Look at it, freakin beautiful x'D


----------



## pgriz

The design probably works for people with short noses.  Although if you're going to go that way, you need another grip on the left (right in image), and another set of buttons/wheels on that side as well.  Better patent that idea, before Canon steals it as a way to boost lens sales.  Oh wait - maybe this is the opportunity to have both wide angle and telephoto in at the same time?


----------



## Overread

That's not the 7DMII that's the 7D3D


----------



## swiftparkour94

Overread said:
			
		

> That's not the 7DMII that's the 7D3D



HAHA!!! New feature!! I saw a stupid video on YouTube, this guy said his GoPro was the 7D Mark II "It is really portable and only has 2 buttons! Look, *presses shutter button* did you hear it take a picture? It's so silent!" lol


----------



## swiftparkour94

pgriz said:
			
		

> The design probably works for people with short noses.  Although if you're going to go that way, you need another grip on the left (right in image), and another set of buttons/wheels on that side as well.  Better patent that idea, before Canon steals it as a way to boost lens sales.  Oh wait - maybe this is the opportunity to have both wide angle and telephoto in at the same time?



I'm not going to lie, this would be a cool Frankenstein sort of idea to try. I think duct tape would do the trick ha


----------



## Fishmaster

Looks like a new eyeglass design from Lens Crafters. Can you imagine looking thru them with a pair of fisheye lenses? That would ruin your day.


----------



## swiftparkour94

Fishmaster said:
			
		

> Looks like a new eyeglass design from Lens Crafters. Can you imagine looking thru them with a pair of fisheye lenses? That would ruin your day.

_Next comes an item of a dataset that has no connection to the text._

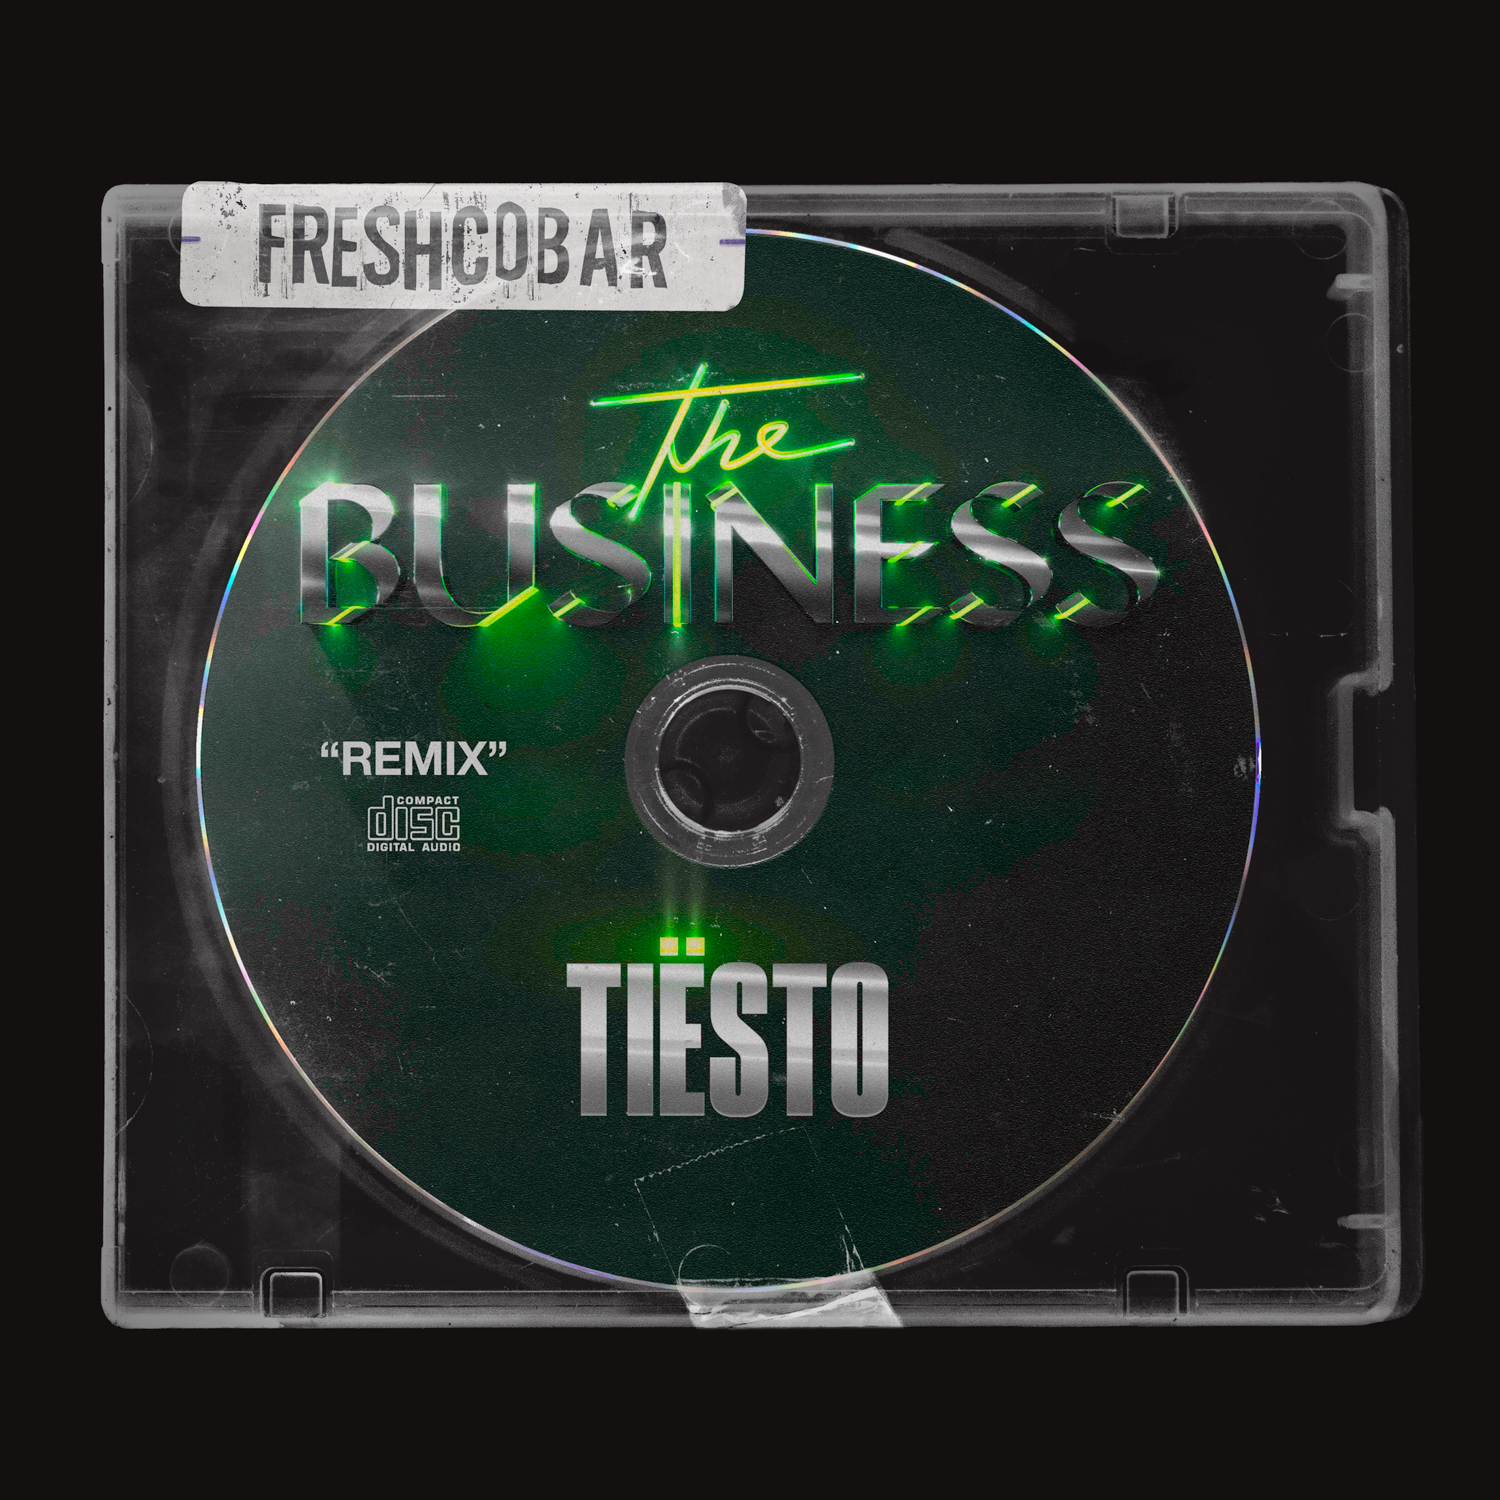 Tiesto - The Business (Freshcobar Remix)

Going by your username, you'd probably warm to it quit well


----------



## Fishmaster

You suppose that camera works underwater???


----------



## swiftparkour94

Fishmaster said:
			
		

> You suppose that camera works underwater???

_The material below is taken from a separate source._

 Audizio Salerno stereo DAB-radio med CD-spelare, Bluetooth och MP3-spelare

I'd bet it would, even with the lens off!


----------



## Tony S

That's gonna be a real #itch to carry with a pair of 400 2.8's on board.


----------



## pgriz

Tony S said:


> That's gonna be a real #itch to carry with a pair of 400 2.8's on board.

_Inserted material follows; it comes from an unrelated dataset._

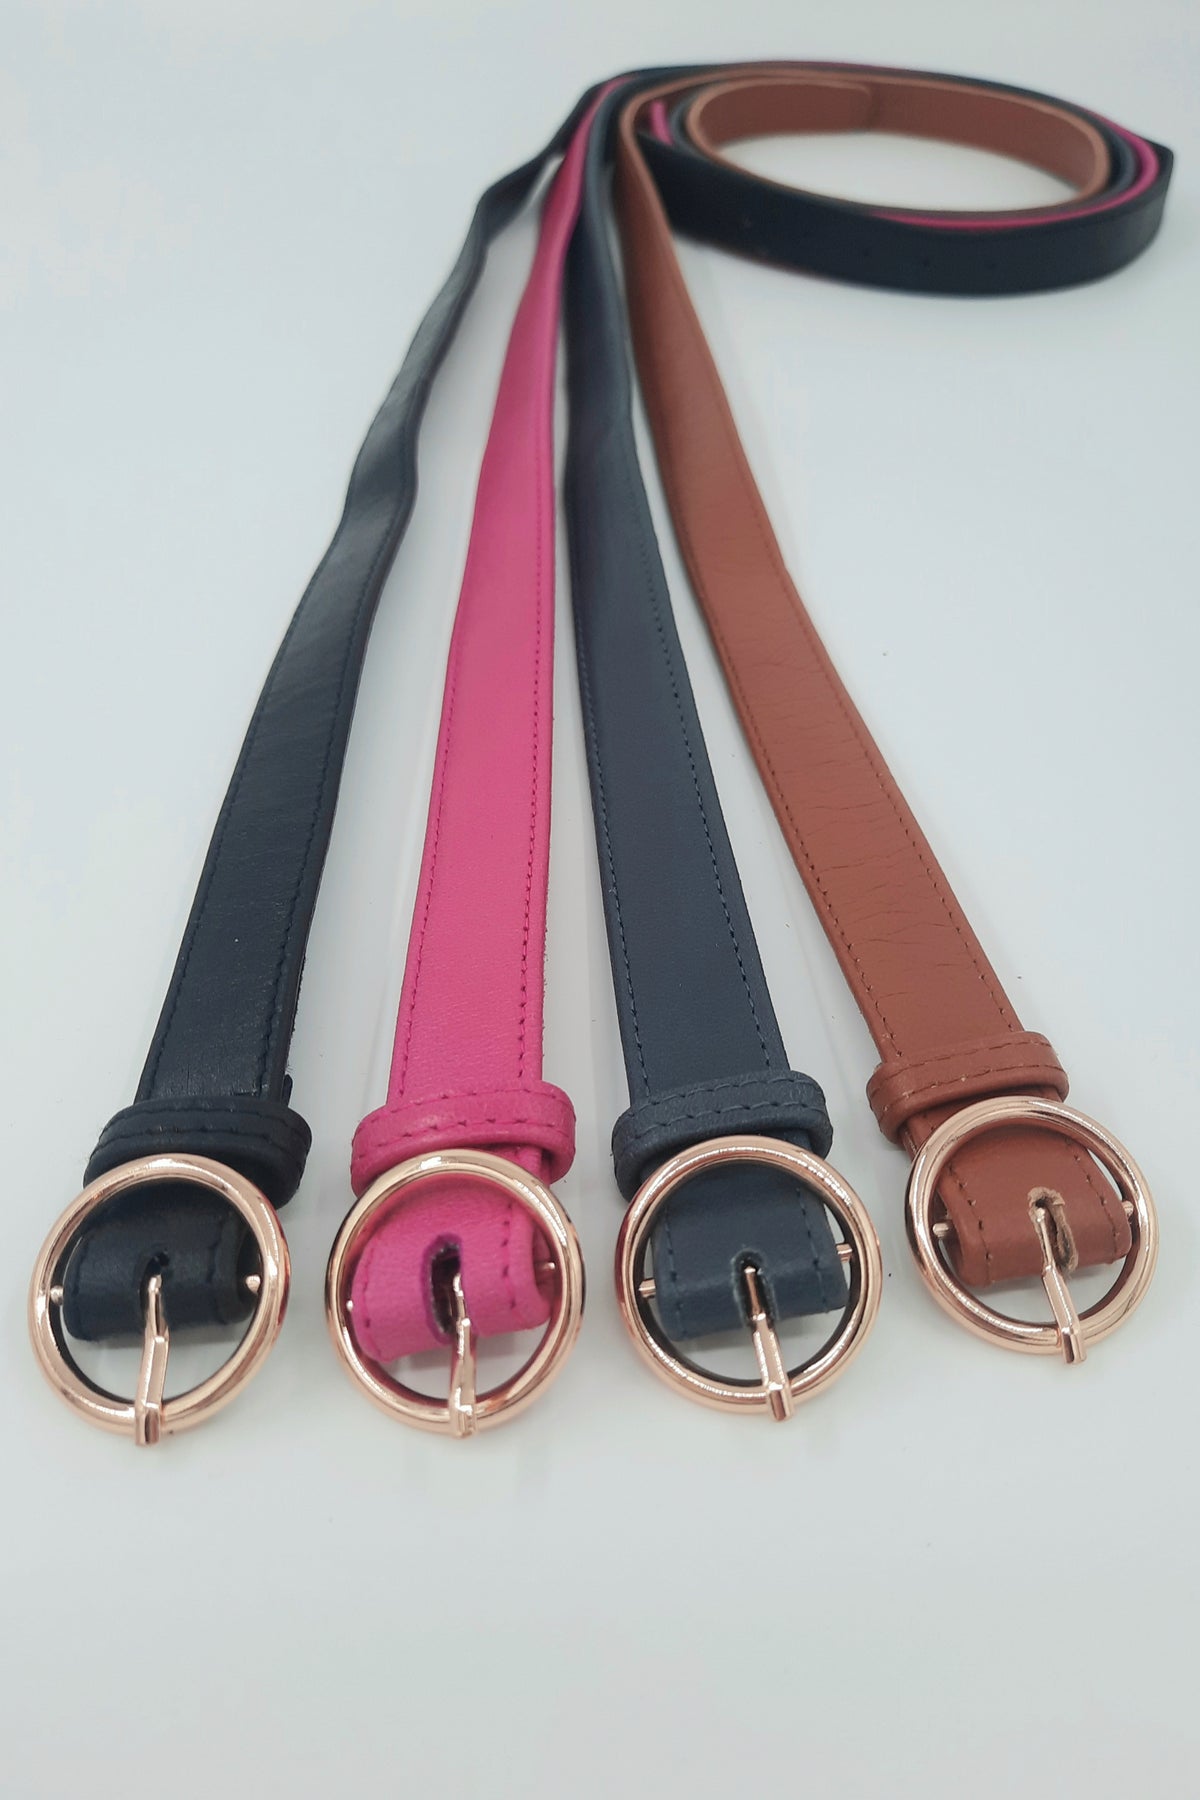 Pippa Leather Belt Raspberry

Who said anything about carrying?  The OP didn't show the accessory that comes with it.  It's mounted on gun support of the demilitarized Humvee.


----------



## swiftparkour94

pgriz said:
			
		

> Who said anything about carrying?  The OP didn't show the accessory that comes with it.  It's mounted on gun support of the demilitarized Humvee.



It comes with an additional hello kitty stickers for a fee of $50!


----------



## tonyo

Wow! I like this concept... one with wide angle lens, the other with telephoto... 2 in 1!


----------



## Professional

When you shoot, how many cards do you insert? Do it taking dual pics at one click once?


----------



## mustafanazif

swiftparkour94 said:


> Look at it, freakin beautiful x'D



funny... its looking useful for 3D shots : ) but nice idea....


----------